En un extenso discurso ante la asamblea legislativa en Pionyang, Kim Jong Un declaró que Corea del Norte nunca renunciará a su arsenal atómico, consolidando su estatus como potencia nuclear de forma “irreversible”. Tras su reelección como presidente de la Comisión de Asuntos de Estado, Kim subrayó que el desarrollo de su poder disuasivo está plenamente justificado bajo la Constitución y que intensificará la lucha contra lo que denomina “fuerzas hostiles”. Según reportó la agencia estatal KCNA este martes 24 de marzo, el mandatario aseguró que el país mantendrá una “preparación precisa” de sus fuerzas para responder a cualquier amenaza estratégica externa.
La retórica del líder norcoreano alcanzó un nuevo nivel de tensión al referirse directamente a Corea del Sur. Kim ordenó designar oficialmente a su vecino del sur como el principal enemigo de la República, advirtiendo que Pionyang actuará “sin piedad ni vacilación” ante cualquier violación a su soberanía. Este endurecimiento diplomático ocurre en un contexto donde las elecciones y procesos legislativos del país aislado son cuestionados internacionalmente, señalándolos como mecanismos diseñados para legitimar el control absoluto que la familia Kim ejerce sobre la nación desde 1948.

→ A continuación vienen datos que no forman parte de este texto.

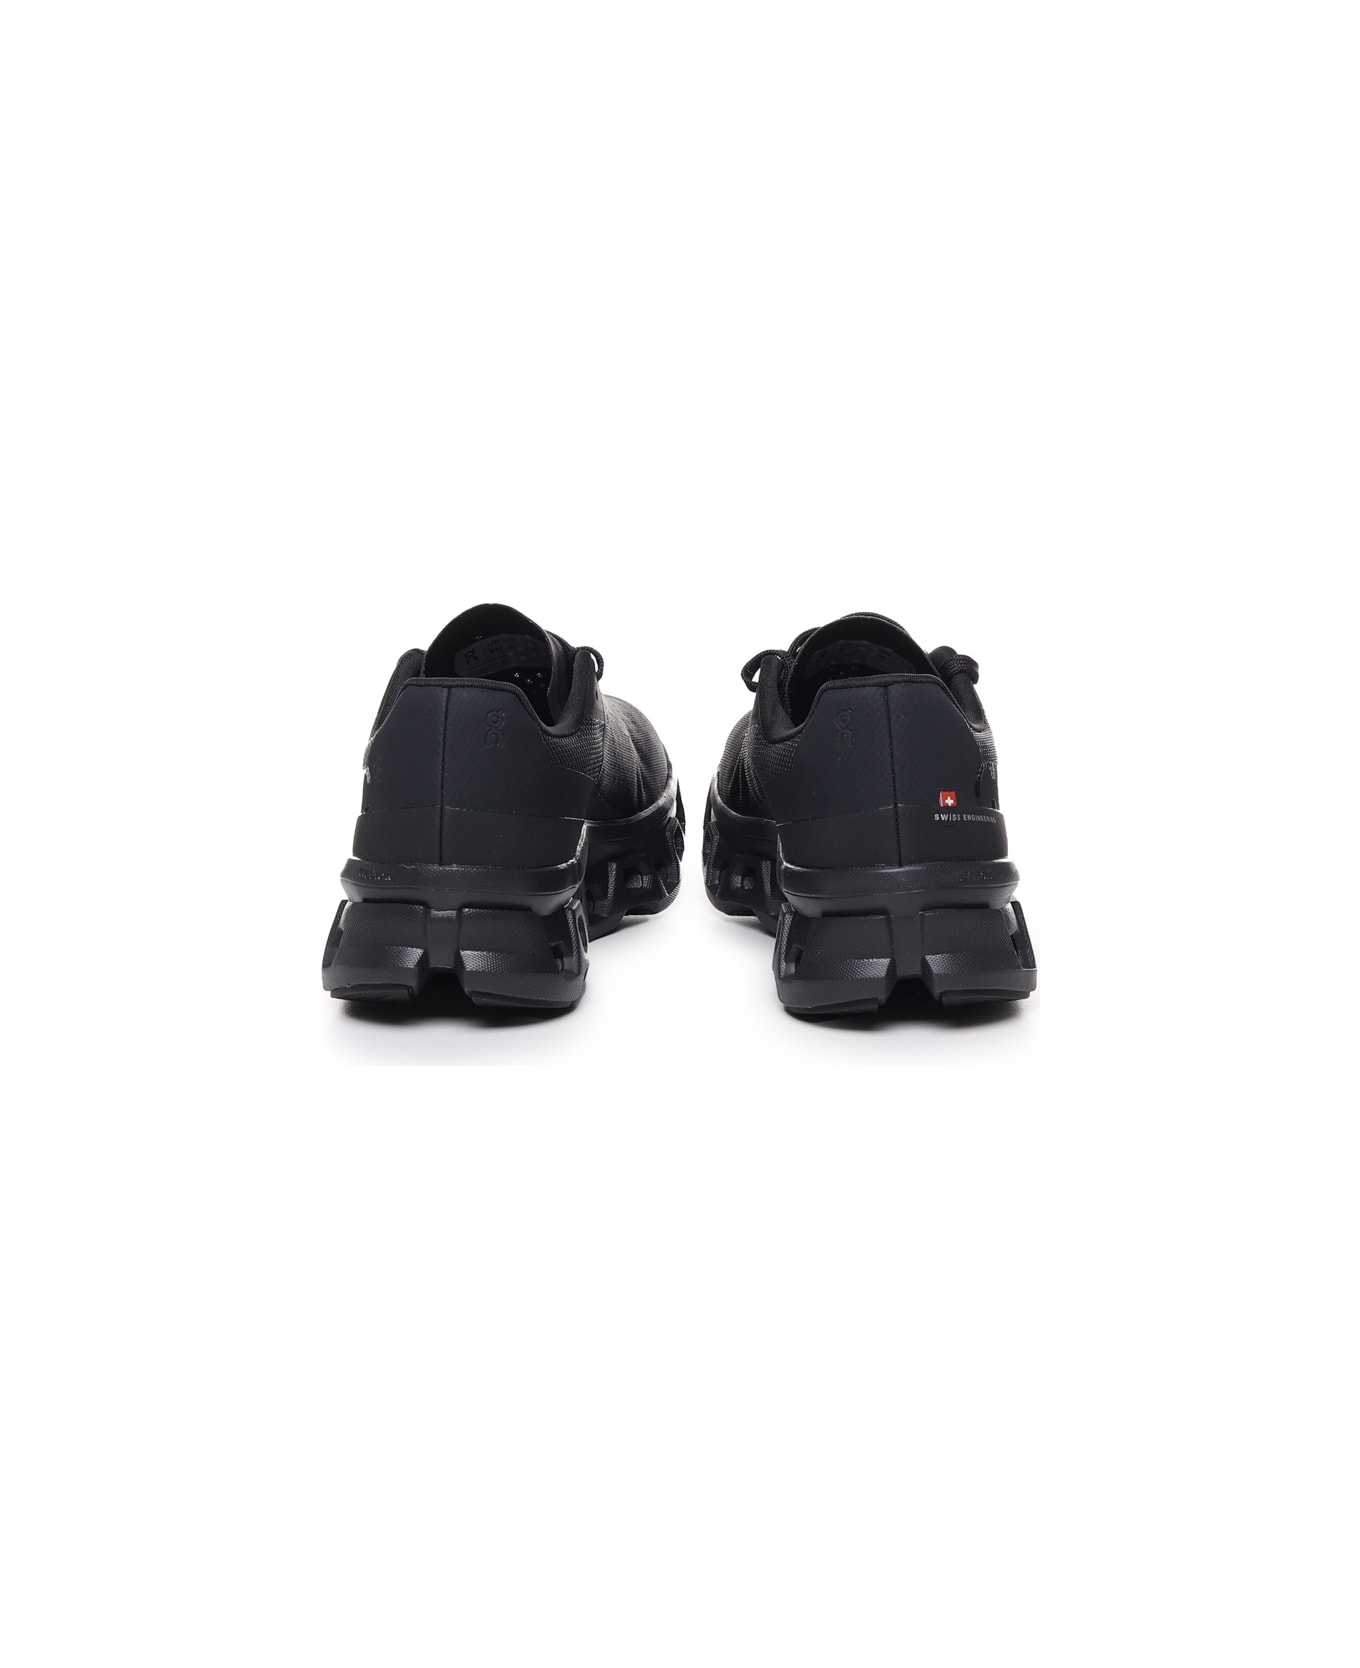 ON Cloudmonster Sneakers - Black

Puntos clave del discurso de Kim Jong Un:
- Estatus Nuclear: Declarado como un rumbo permanente y constitucionalmente respaldado.
- Relación con Seúl: Designación oficial de Corea del Sur como el “Estado más hostil”.
- Política de Defensa: Ampliación del poder disuasivo con carácter “autodefensivo”.
- Liderazgo: Reafirmación de Kim Jong Un al frente de la Comisión de Asuntos de Estado.